ASSIGNED TASK: Look through the data below and output, unchanged, every line from the one holding "漫畫:可能有些病真的永遠治不好!" through the one holding "Osvježite izgled predivnim", inclusive. Skip the pictures.

SUPPLIED RECORDS:
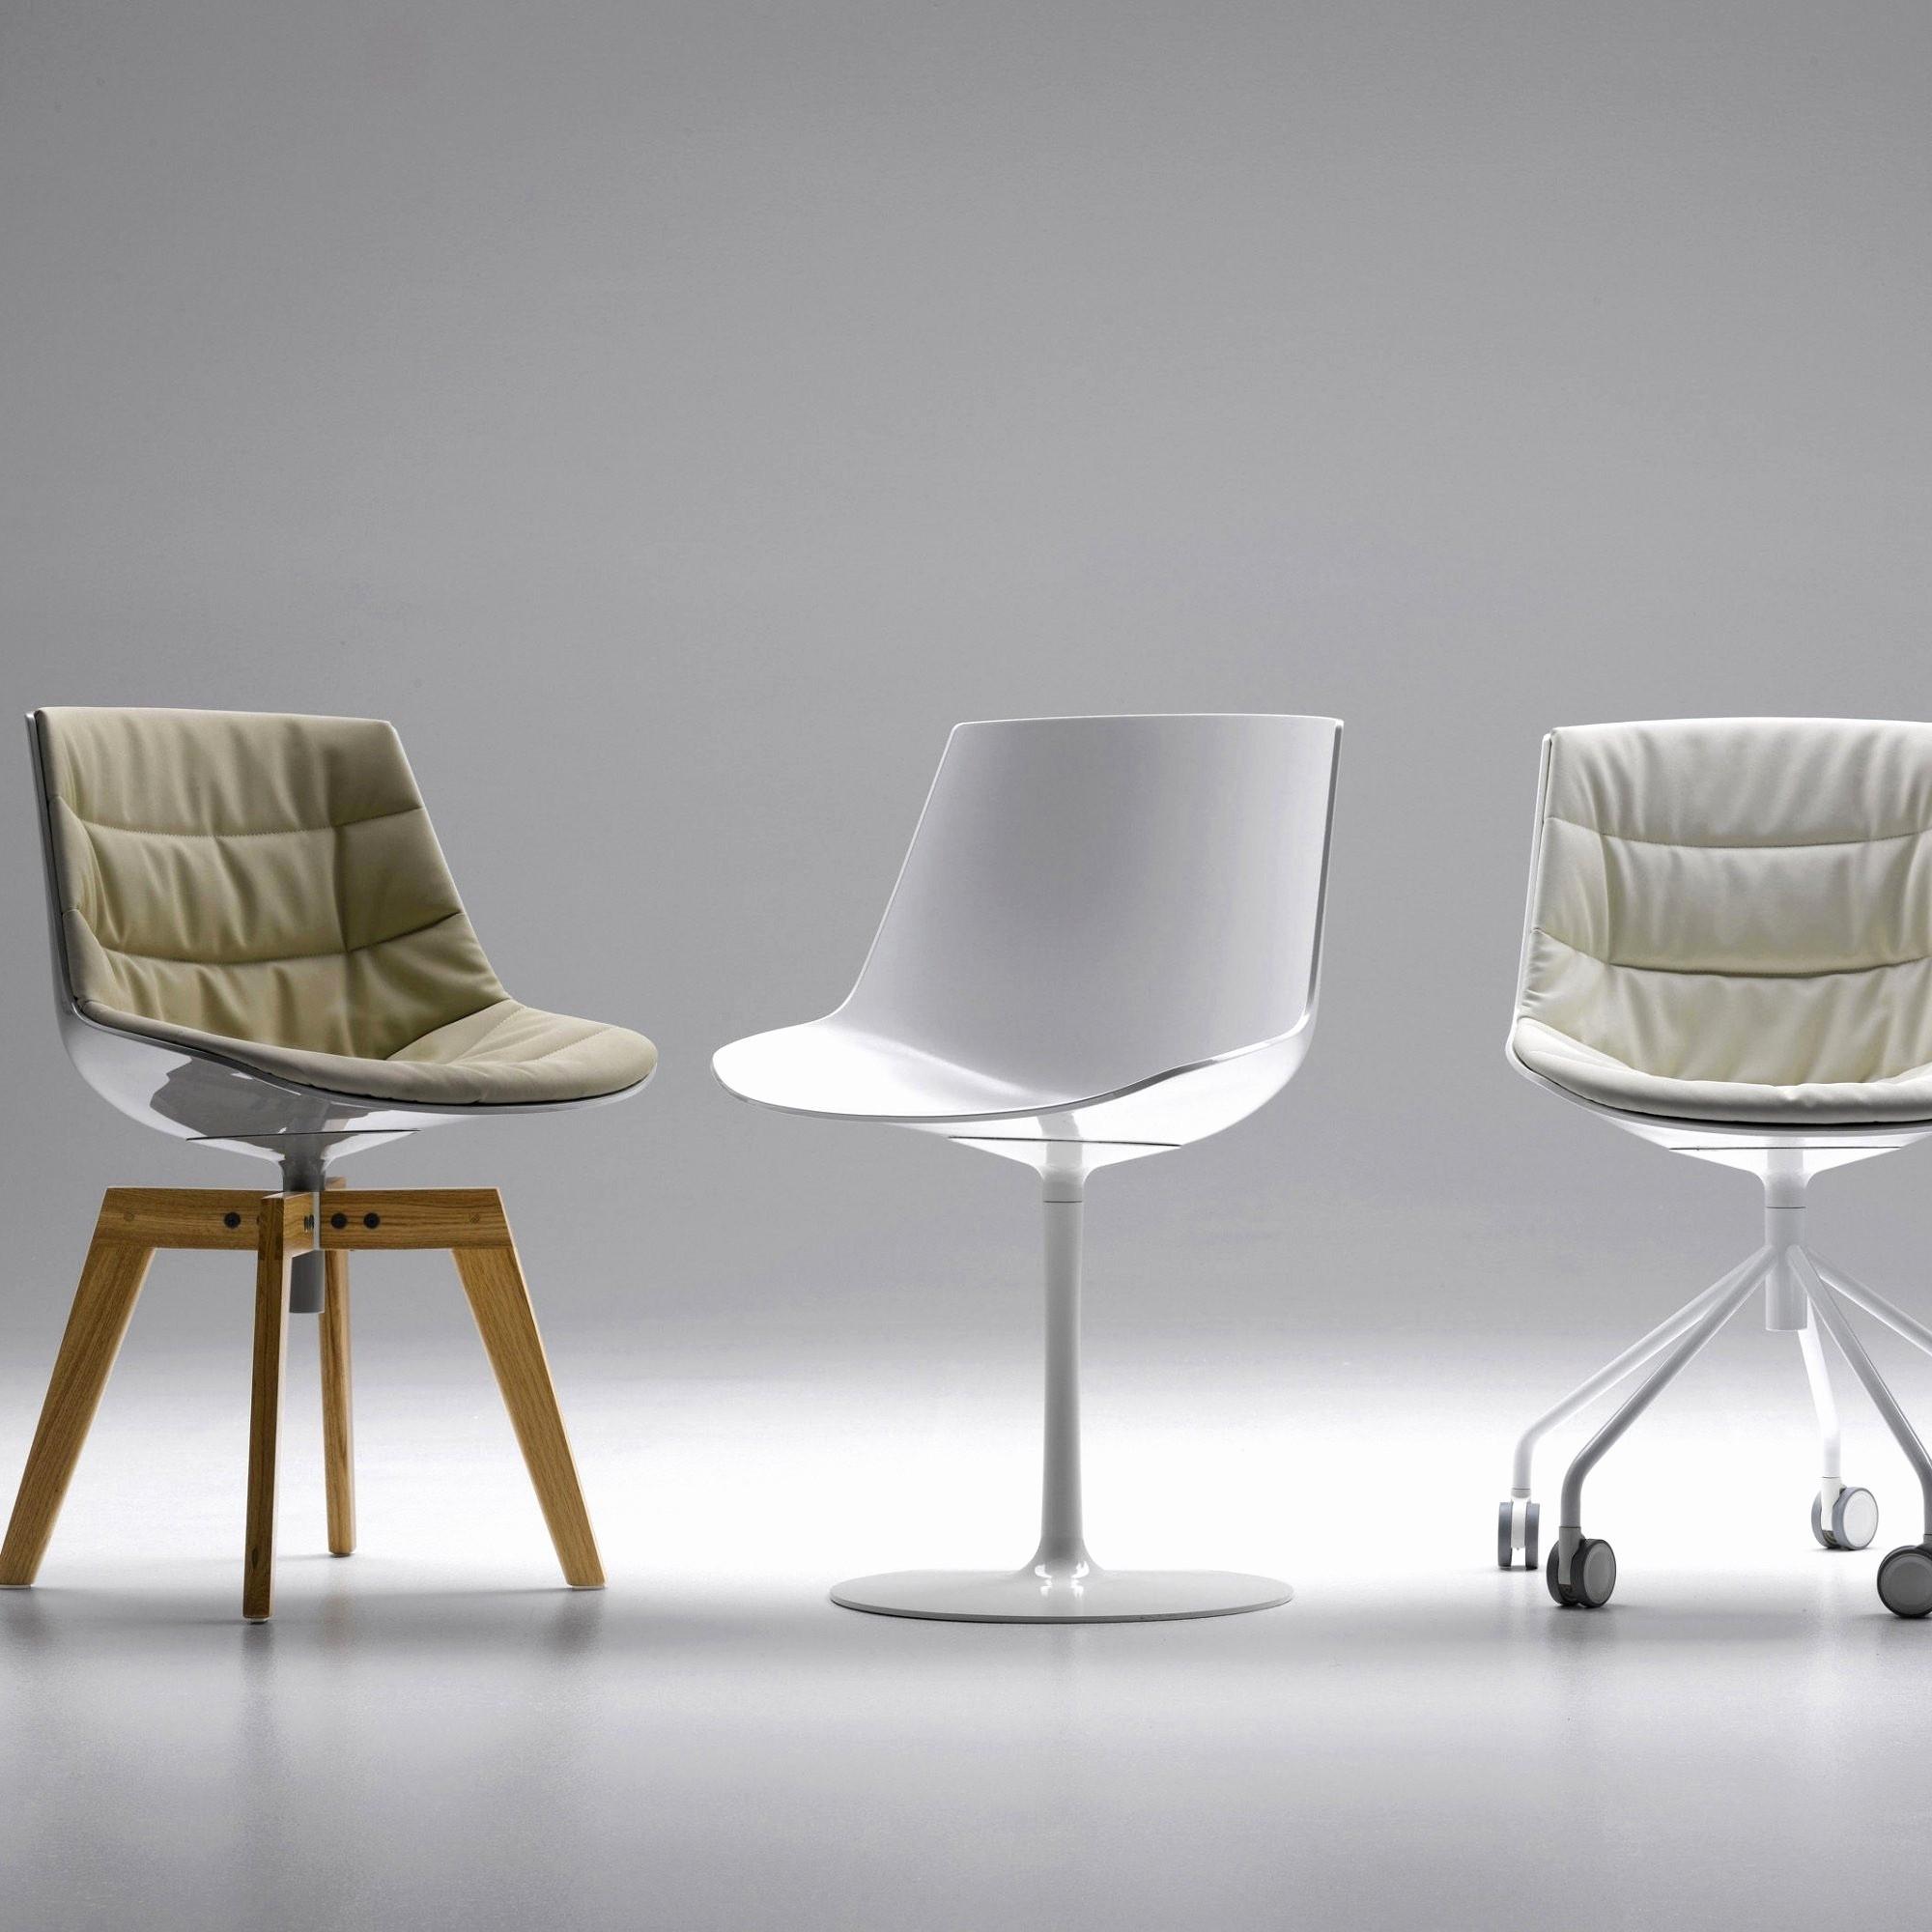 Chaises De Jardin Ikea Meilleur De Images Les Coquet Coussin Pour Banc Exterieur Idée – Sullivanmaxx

==

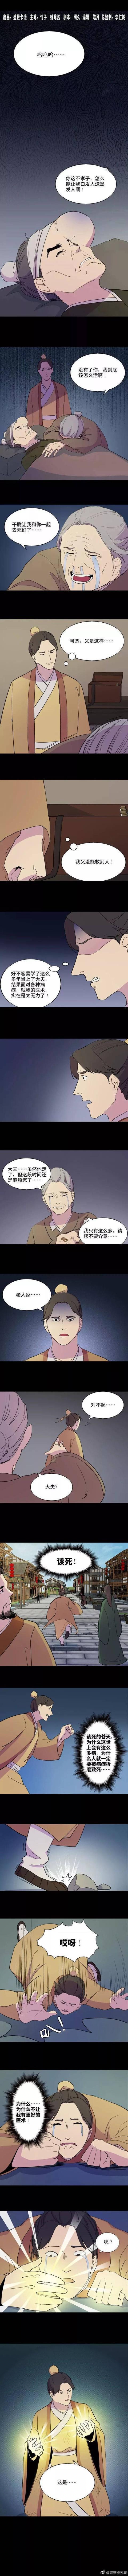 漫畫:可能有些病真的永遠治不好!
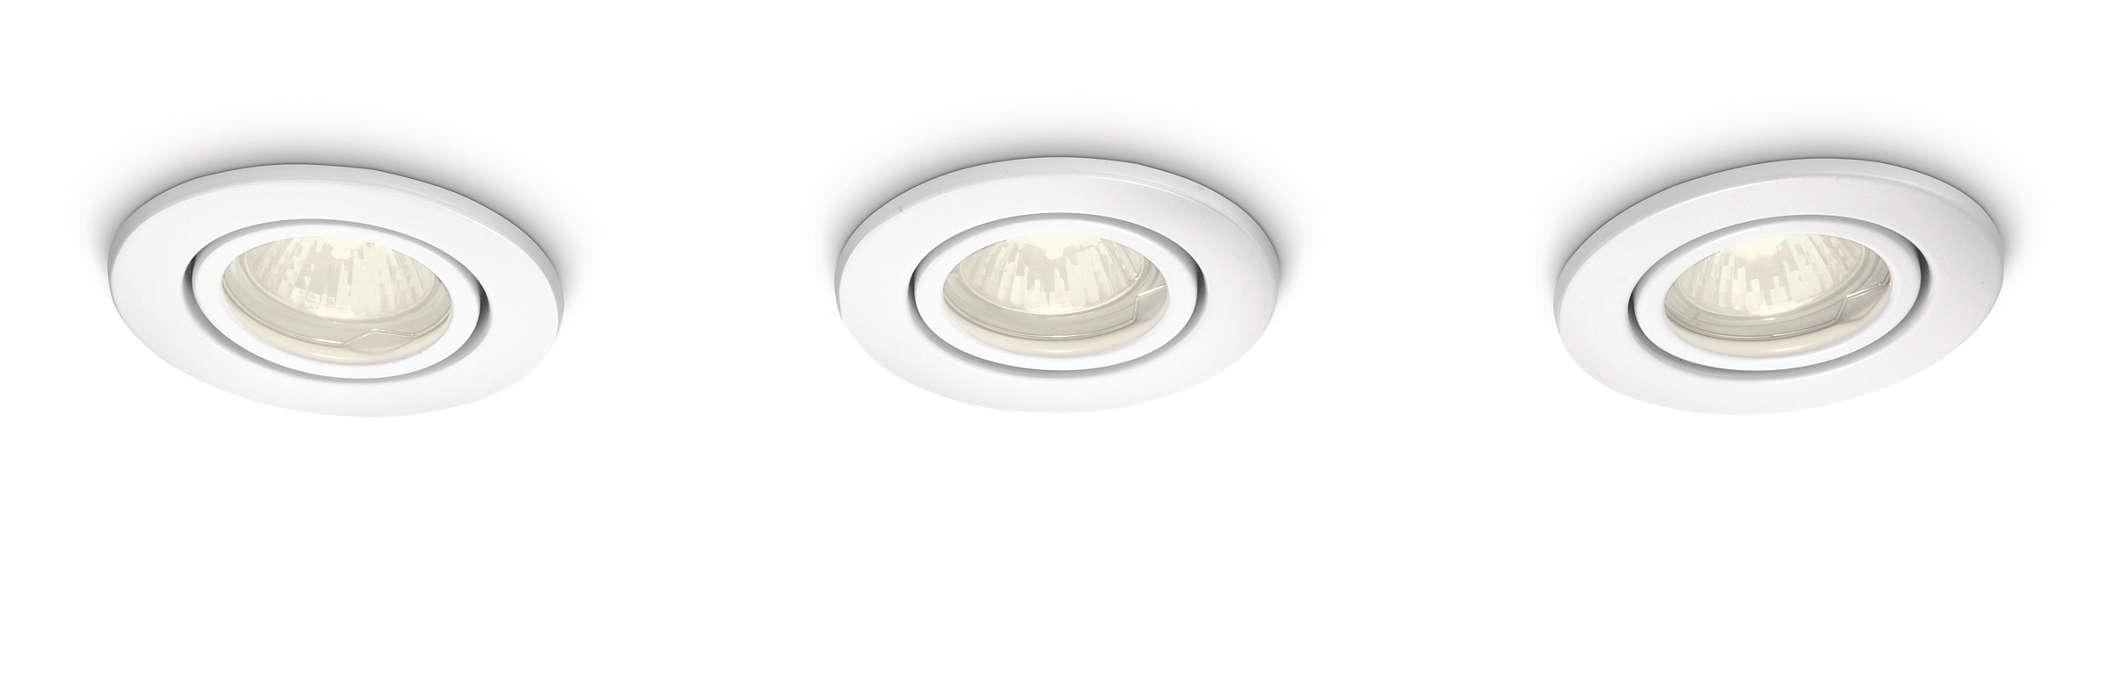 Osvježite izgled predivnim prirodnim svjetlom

RESULT FOR THIS TASK:
 漫畫:可能有些病真的永遠治不好!
 Osvježite izgled predivnim prirodnim svjetlom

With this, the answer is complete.